Welcome to the Git Hub repository for the "Mapping the Television Mega-Text" project. This repository contains a release of our dataset of programming information about 1950's television. This dataset was created by merging together metadata gathered from IMDB.com and elsewhere in an effort to collect, collate, and publish a compendium of metadata about television in the fifties, much of which does not survive in any watchable form today.
In this repository, you will find files containing all of the records from our dataset as CSVs, as well as the Jupyter Notebooks that we wrote in Python3 in order to merge the different sources of television metadata into a single dataset, and that we also used to run a preliminary round of textual analysis working-class content in the Action & Adventure genres.
The notebooks for these python scripts and their accompanying CSVs and image outputs are located in the "merge" and "analysis" folders respectively. The notebook merge.ipynb pulls from a local sqlite database of imdb metadata downloaded on 09/2017. The "merge" folder also contains the jupyter notebook "wiki.ipynb" that contains exploratory work undertaken towards incorporating scheduling information gathered from wikipedia into the dataset. This scheduling information is NOT incorporated into the dataset as it currently is constituted in the file "title5.csv".
Additionally, this README file contains a description of the data, the data structure, and some guidelines on using the data. Please take a minute to briefly read over the sections below carefully.
The compiled data is released as a CSV dump. The file "title5.csv" contains the merged dataset of 1950's programming, and can be found in the merge folder.
Programming information was gathered from 2 sources:
- (1) a bulk download of publicly available data from IMDB
- (2) a public domain scan of Vincent Terrace's Encyclopedia Of Television Shows 1925-2007 on the Internet Archive.

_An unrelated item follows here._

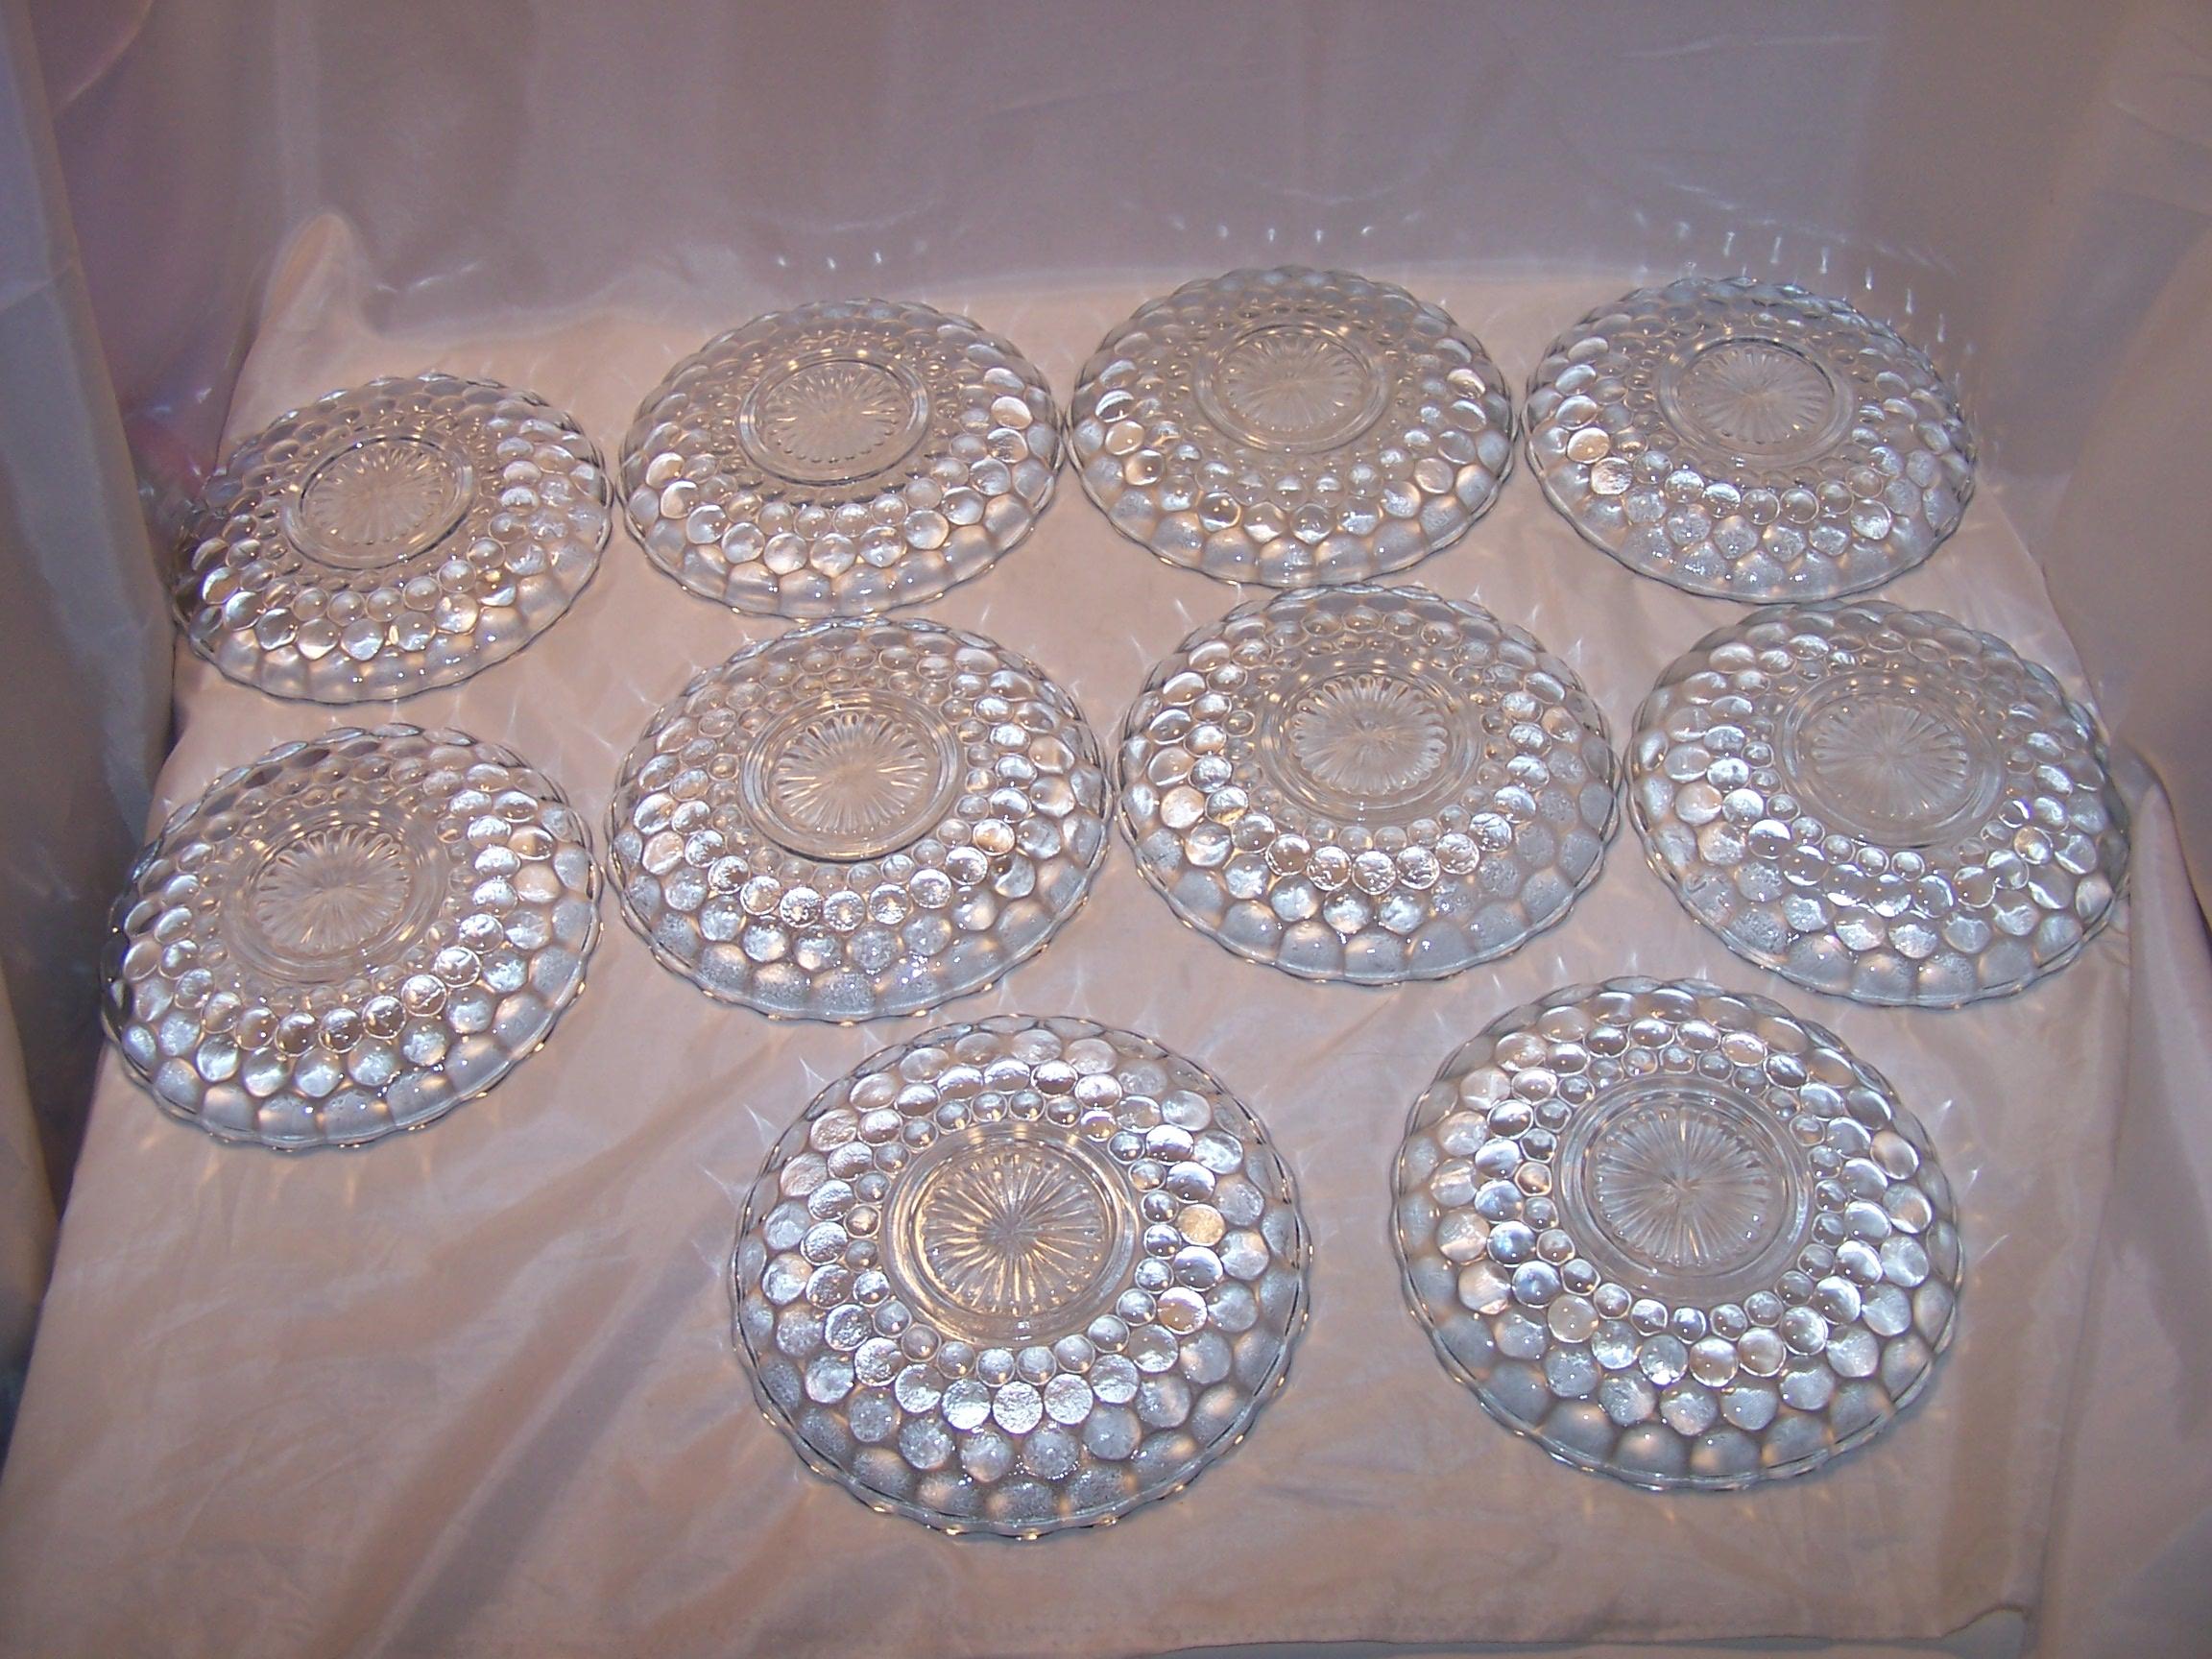 Image 2 of Hobnail Glass Teacup, Saucer Service for 10, Vintage

The merged dataset contains program information for 2563 records. Each program record contains 14 different metadata attributes.
In the dataset, these series are displayed as the following columns:
Series | Description |
---|---|
realtitle | assigned by us (defaults to Encyclopedia's title when matched otherwise displays imdb title) |
program_type | from Encyclopedia |
program_genre | from Encyclopedia |
network | from Encyclopedia |
program_description | from Encyclopedia |
first_air_year | from Encyclopedia |
last_air_year | from Encyclopedia |
genre(3) | from IMDB |
plot(98) | from IMDB |
trivia | from IMDB |
program_title | from Encyclopedia |
movie_id | from IMDB |
kind_id | from IMDB (denotes the type of programming content, i.e. series, episode or tv movie) |
title | from IMDB |
There is often more than one genre tags associated with a program. This include the single genre assignment taken from Terrace, and the multiple genre tags assigned on IMDB. In the CSV, these are separated into separate series, and appear as two different columns. The genre tags from Terrace appear under "program_genre," while the IMDB genre tags are collated under genre(3).

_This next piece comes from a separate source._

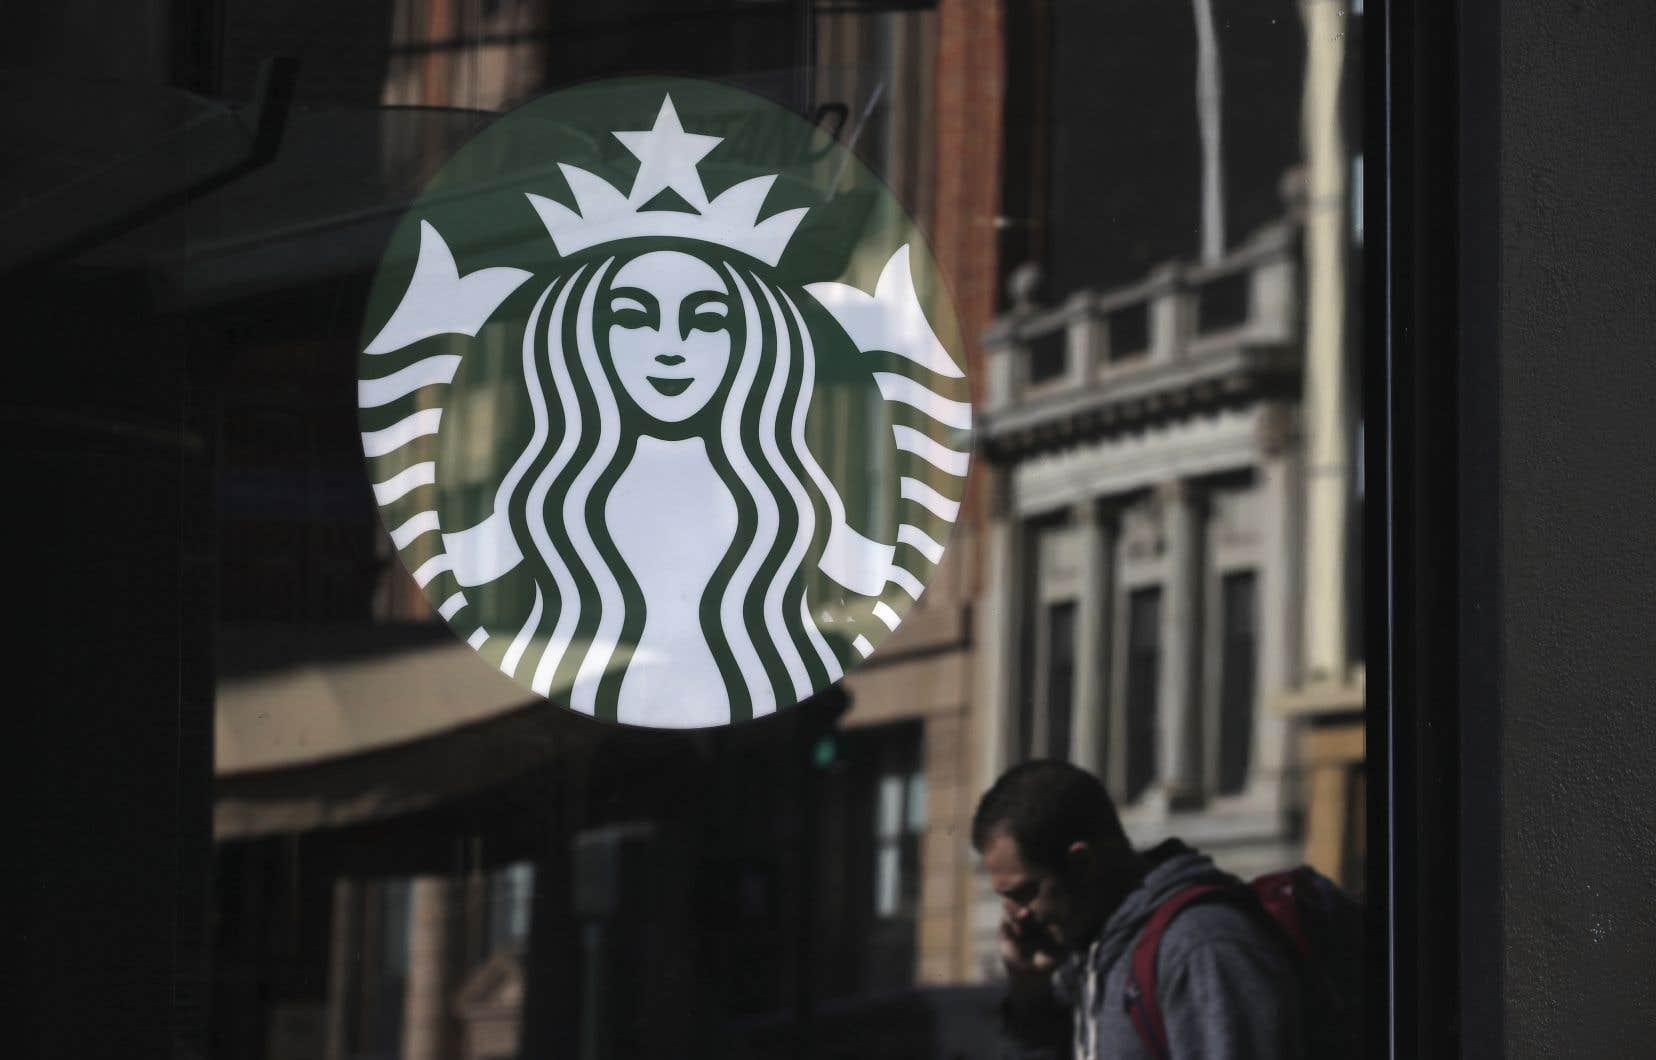 La chaîne américaine de cafés et le constructeur automobile italien avaient été sommés par la Commission européenne de verser jusqu'à 30millions d'euros d'arriérés d'impôts chacun.

Note that the program description field contains the richest amount of textual information pertaining to a given program. Note also, that a range of different sub-types of metadata exist within "program_description" as well. In addition to the prose descriptions of a given program's premise, flavor, and content, the description field may also contain numerous lists of categorized participants and creators. These lists are denoted by unique titles followed by a colon, and may be separated out manually by this punctuation. Types of participant categories occurring in the "program_description" field include:
- "Host:"
- "Hostess:"
- "Starring:"
- "Regulars:"
- "Guests:"
- "Music:"
- "Orchestra:"
- "Vocalists:"
This dataset is provided for the purposes of further exploration, education, experimentation regarding the largely lost world of early television programming.

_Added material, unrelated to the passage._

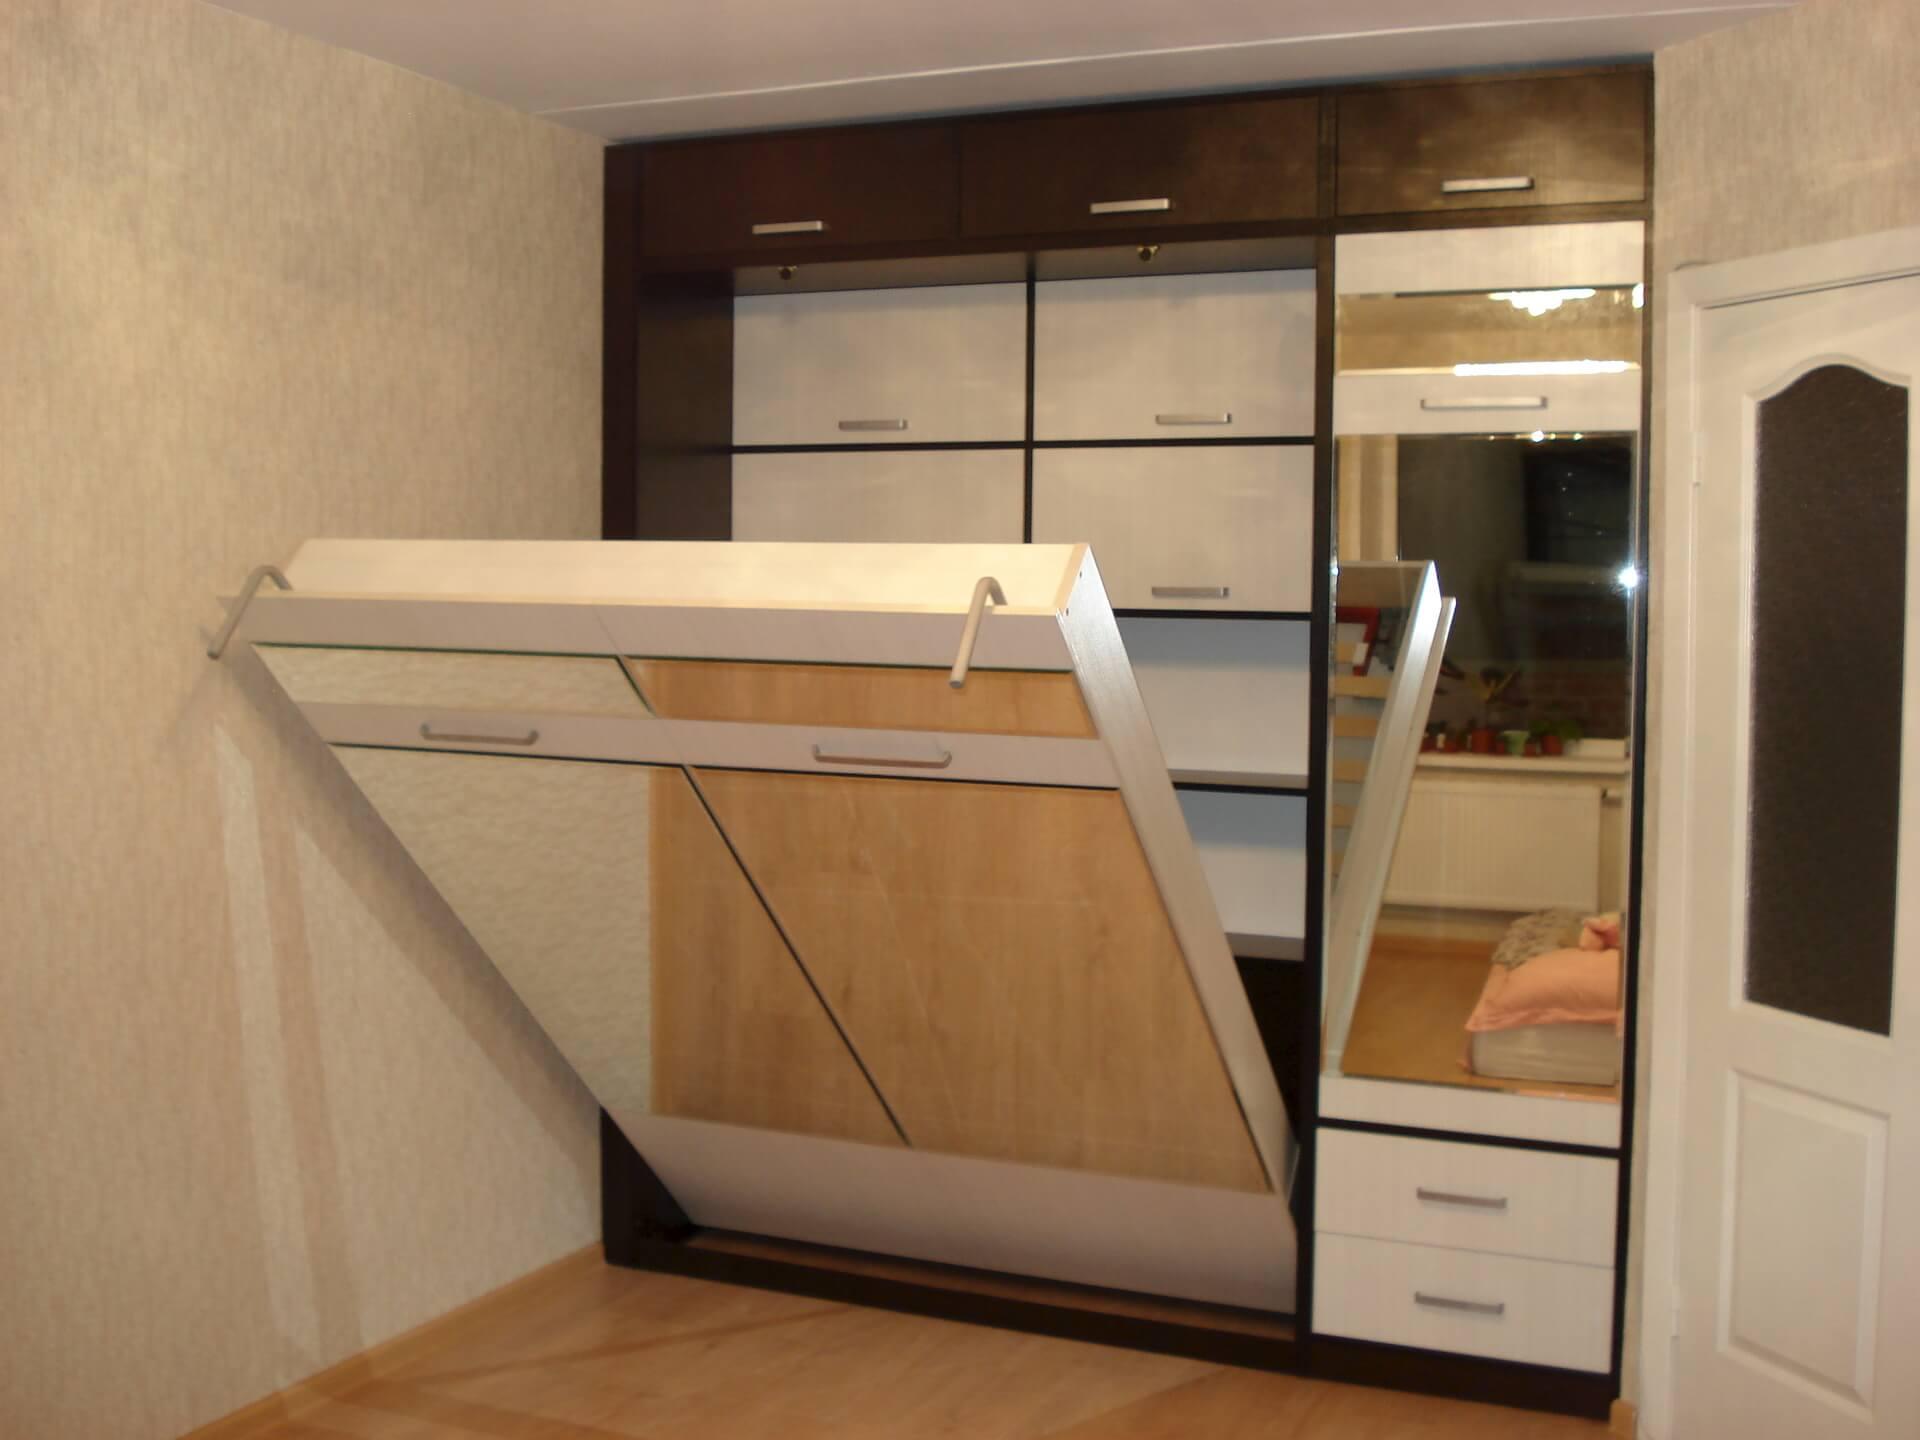 Фасады мебельные для шкафов, какие бывают по способу открыва.

If you have identified errors in the dataset, or have additional information to add, we welcome your feedback! Please contact us at kn4@andrew.cmu.edu
Thanks!
Please note that we will not accept pull requests for the data in this repository.
If you have corrections, please email them to us at kn4@andrew.cmu.edu and we will consider suggested corrections for inclusion in a future release.
Our dataset is being offered under the CC-BY 4.0 Creative Commons License:
We respectfully ask that you acknowledge "Mapping the Television Mega-Text" and dSHARP at CMU as a source wherever possible, in order to preserve a link to the dataset.
If this data is to be cited in a publication, please cite it using this DOI #ADD DOI from KiltHub
Use of this dataset does not grant or imply the approval, commission, or support of your work by the researchers, Carnegie Mellon University, or dSHARP at CMU. If you transform or modify to the dataset, you must clearly distinguish the resulting work as having been modified from this dataset.
The writers would like to thank and acknowledge the funding of this project by the Andrew W. Mellon Foundation, as well as the technical and professional support of digital humanists and specialists at Carnegie Mellon University and the University of Pittsburgh including Scott Weingart, Daniel J. Evans, Emma Slayton, Matt Lavin, and Matthew Lincoln.